31. The specific case of the claimant is that the illegal and unlawful termination of the contract resulted in the claimant not being able to execute the balance work resulting in loss of money invested, loss of manpower and damage caused to the reputation of the claimant. The claimant was claiming for 10% on the balance work to the tune of Rs.26,18,886/-.
32. The Arbitral Tribunal had rejected this claim mainly on the ground that the claimant had committed breach of contract and the termination of the contract was also upheld and hence the claimant was held to be not entitled for any compensation under this head.
33. When it comes to loss of profit, certain amount of guesswork and leeway is permitted and the Arbitral Tribunal can employ honest guess work and a rough and ready method for quantifying the damage.
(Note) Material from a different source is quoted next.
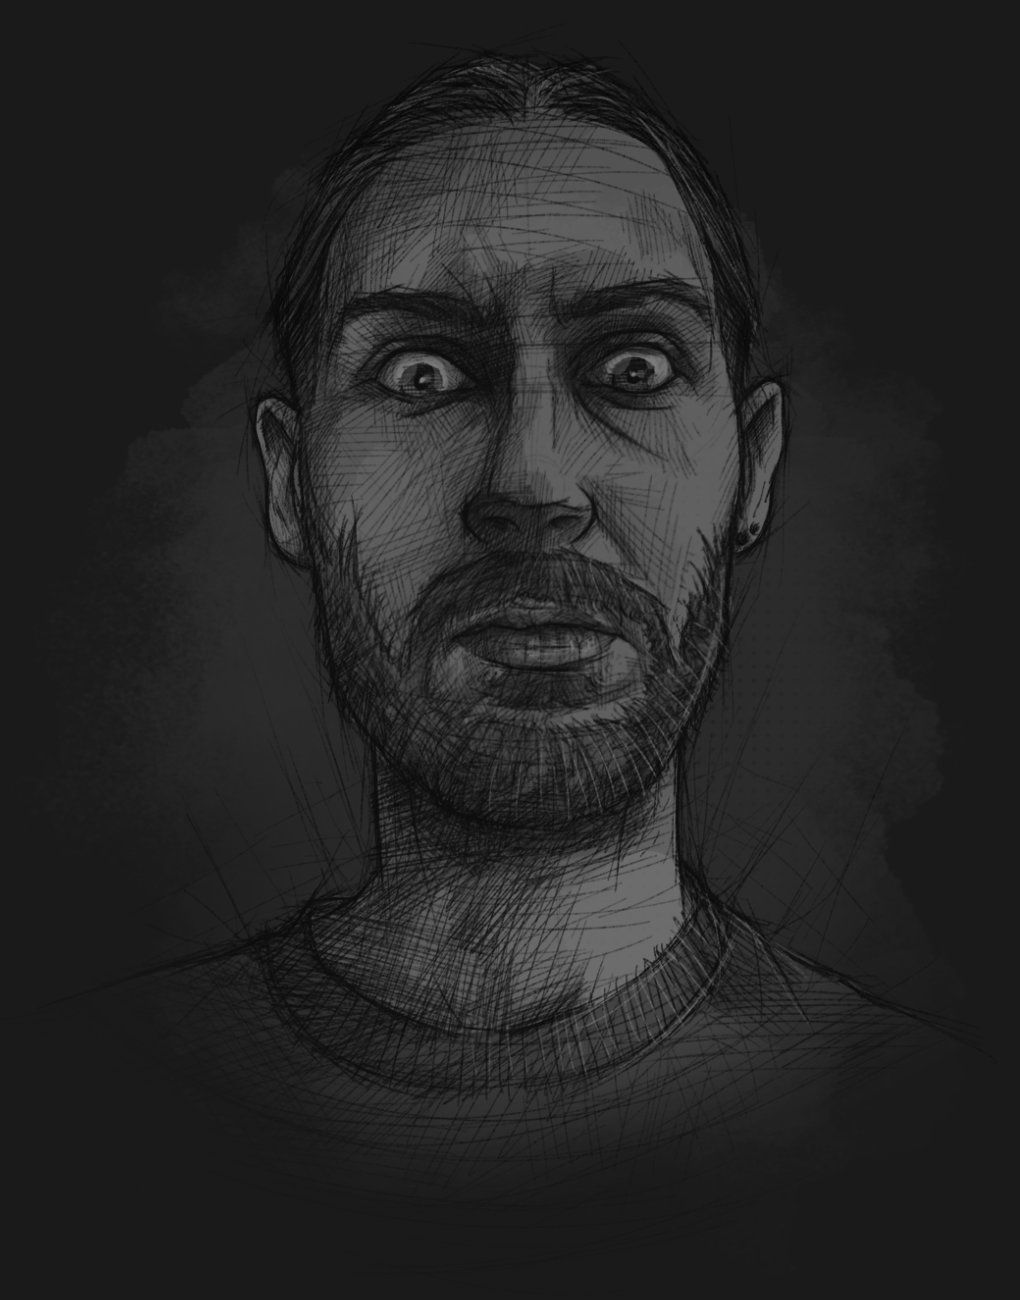 Ein skizzenhaft illustriertes Selbstportrait, das den Illustrator mit Grimasse mit aufgerissenen Augen zeigt

GCC61(3) provides that a contractor shall have no claim to any payment of compensation or otherwise howsoever on account of any profit or advantage which he might have derived from the execution of the work in full but which he did not derive in consequence of determination of contract.
34. The above Clause can be put against the petitioner if the termination of the contract was legal. This Court has already held that the termination of contract is illegal and unlawful. Under such circumstances, the petitioner will be entitled for loss of profit. However, there must be some basis for calculating this loss. The only basis on which the petitioner is claiming for loss of profit is the balance work not completed and out of which the petitioner is claiming for 10%. Such a claim cannot be awarded mechanically without giving reasons on the underlying facts which ultimately leads to adopting a formula to calculate loss of profit. Just because the Arbitral Tribunal or the Court are given the leeway or the scope for guesswork, that does not mean that an arbitrary amount can be fixed without reasons. In the case in hand, the claimant is seeking for loss of profit at 10% on the balance work that was not completed and that certainly cannot form the basis for awarding compensation under the head of loss of profit. Hence, this Court is not inclined to interfere with the finding of the Arbitral Tribunal insofar as Claim No.11 is concerned.
35. The last issue that arises for consideration is as to whether the petitioner will be entitled to claim for payment of interest towards the EMD, PG and SD that has to be refunded by the respondent.
36. Under normal circumstances, these amounts will not carry any interest and it has to be refunded as such. However, these amounts have been retained by the respondent by forfeiting these amounts and such forfeiture was held to be illegal by this Court. Therefore, the petitioner will be certainly entitled for payment of interest on the EMD, PG and SD.
37. In the result, Claim Nos.1 to 4 and 7 are awarded in favour of the petitioner/claimant. Insofar Claim Nos. 2 to 4 are concerned, the EMD, PG, and SD shall be refunded to the petitioner with interest at the rate of 9% p.a., from 30.06.2020 till the date of actual payment. Similarly, the sum of Rs.4,50,000/- for Claim No.7 shall be paid to the petitioner/claimant with interest at the rate of 9% p.a., from 30.06.2020, till the date of actual payment. The counter claims 1 and 2 awarded by the Arbitral Tribunal in favour of the respondent is set aside. The award in all other respects stands confirmed.
38. In the result, this Arbitration Original Petition is allowed in the above terms and there shall be a direction to the respondent to pay cost of a sum of Rs.2,00,000/- to the petitioner.